I have hashi's and a very bad gut...have been severely constipated since youth. (sent my gi effects a few months ago) I also believe my adrenals are toast so your recent reply on those being critical to gut rehab is of great interest. I've been using the protocol with prescript assist, aor and primal defense, potato flour and psyllium, with little improvement. Wondering if you could provide some guidance on where to find a proper adrenal protocol...I'm tapped out on the D.O's and naturo's..lots of tests not a lot of results unfortunately.

Unknown said...

Hi Grace, One correction: You say "Norm Robillard talks about how Cipro may have contributed to the start of his health odyssey and GERD" If you give a second listen, I talk about Cipro, but just as an example of a lifesaving drug. I worked on the development of this antibiotic but did not take it. Cipro had nothing to do with my developing GERD.

Dr. B G said...

I hear ya. It's an epic battle for some (eg I still have relapses as well!)

Mercury loves misery, eg candida. We all have some mercury sadly.

I love your thoughts: bugs over drugs! Shoot for bifido and L plantarum and other anti-candida strategies (merc detox, herbals, SBOs, prebiotics), and topical magnesium (like magnetic clay magnesium baths -- pamper yourself and your skin! lol).

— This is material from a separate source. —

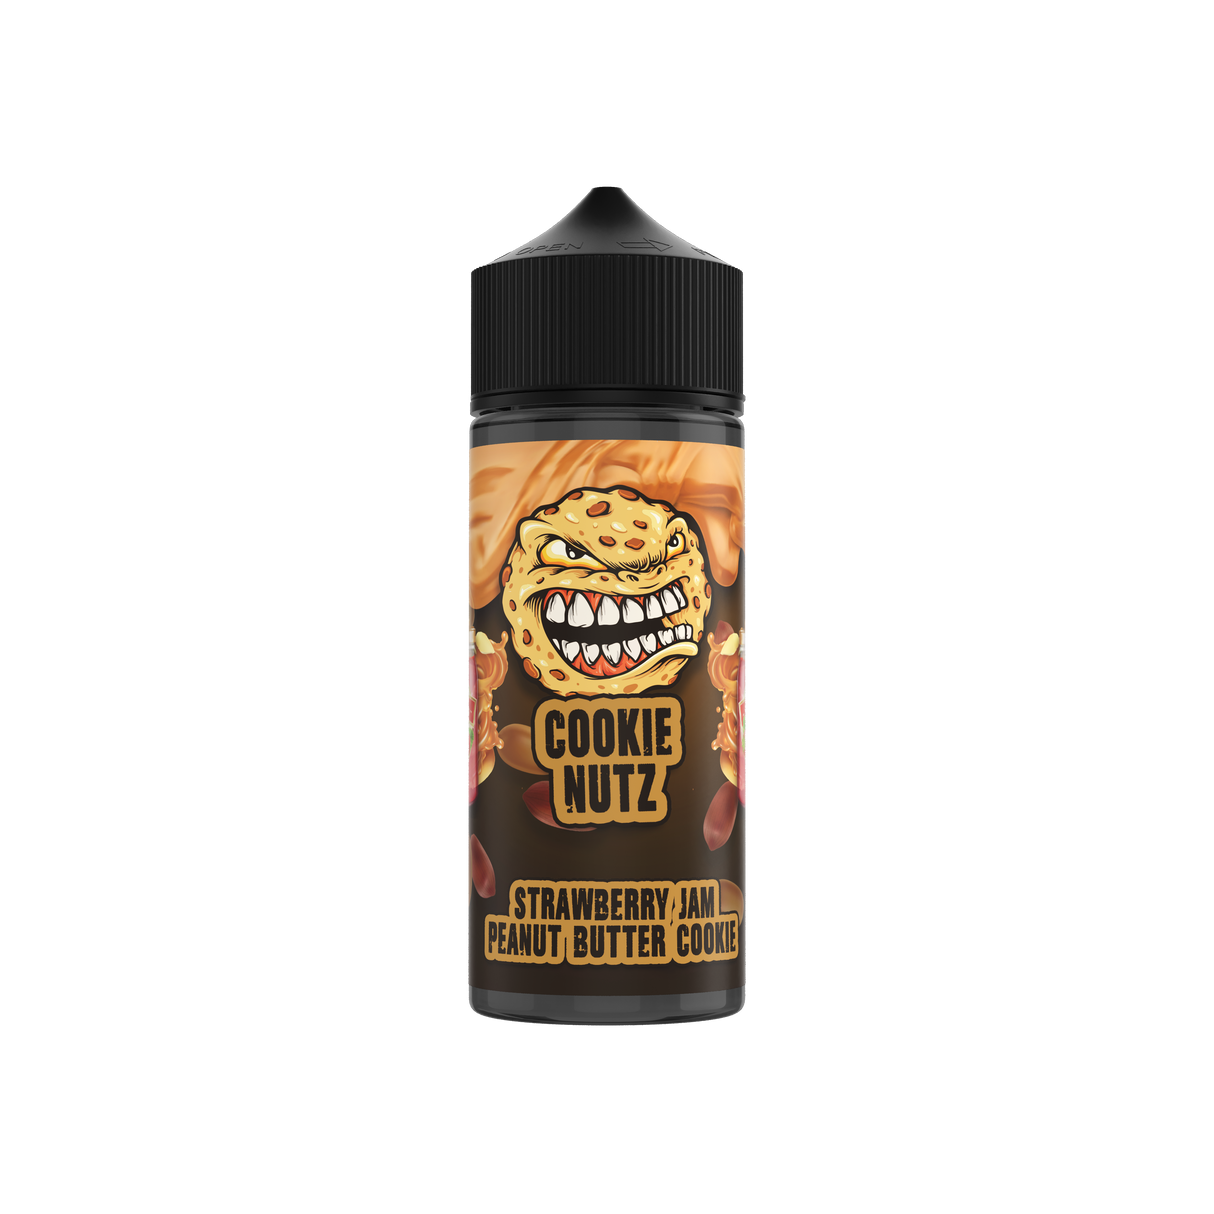 Cookie Nutz - Peanut Butter Cookie and Strawberry Jam - 100ml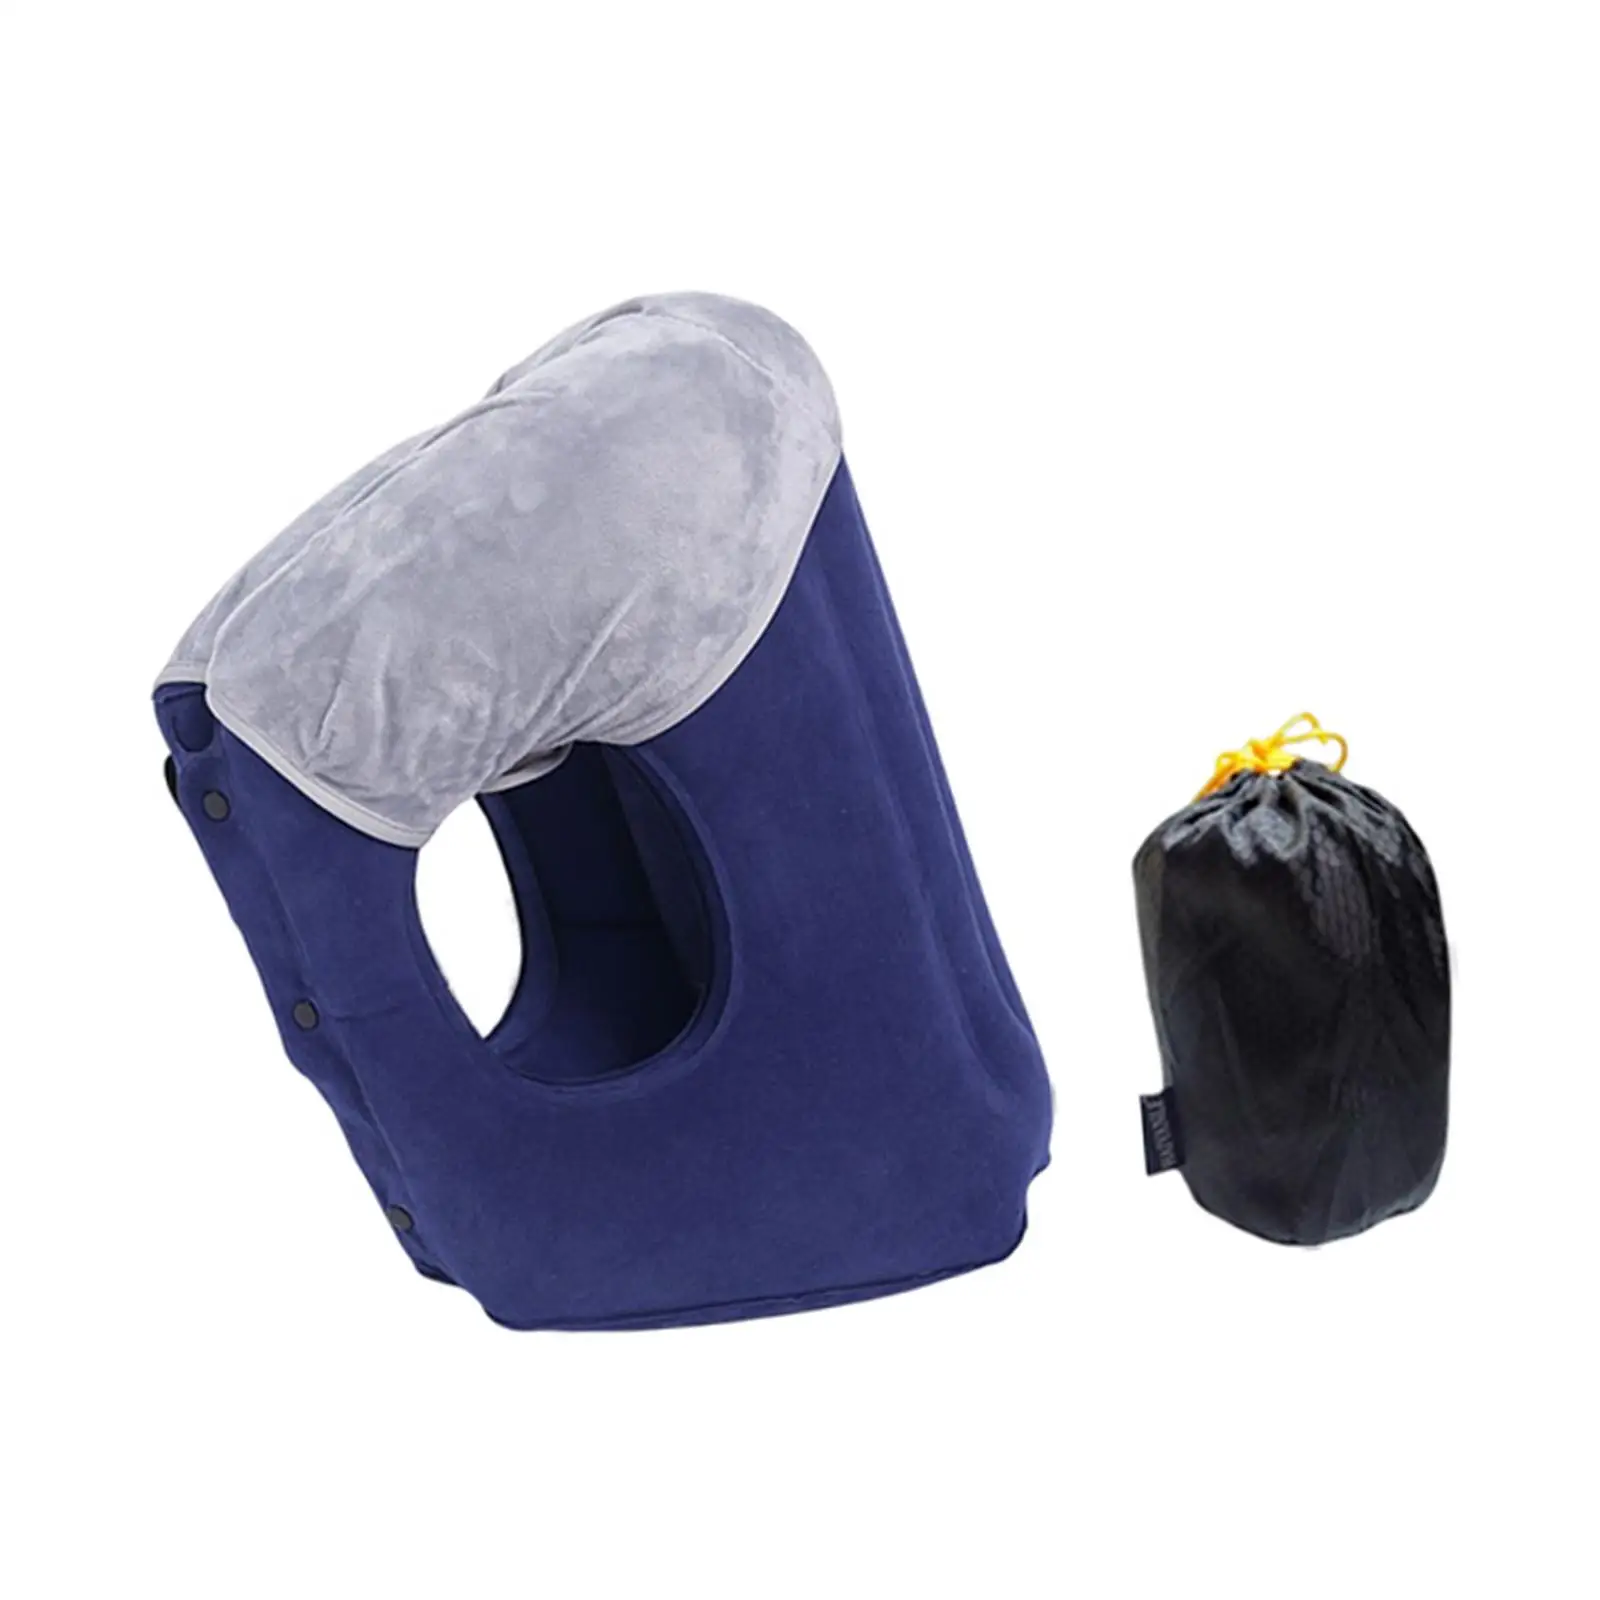 Folding Inflatable Travel Pillow with Drawstring Bag Comfortably Support Head Inflatable Air Pillow for Car Train Sleeping

Feed well and water -- please look at step 2

Google dr lam or dr wilson for adrenal exhaustion. Hang in there. I hope you find respite and recovery rapidly soon.

I'm sorry -- I listened while on a loud Shanghai taxi ride. corrected now.

lisao said...

Don't give up so easily! It can take time and trying different probiotics. Maybe the Klaire labs ones just aren't so great for bifido. You could try natren. Or any number of others. I would just consider that your improvements mean you're headed in the right direction and that is great! It means change and improvement is possible. I wouldn't get all negative and low expectations just because everything was not better this time.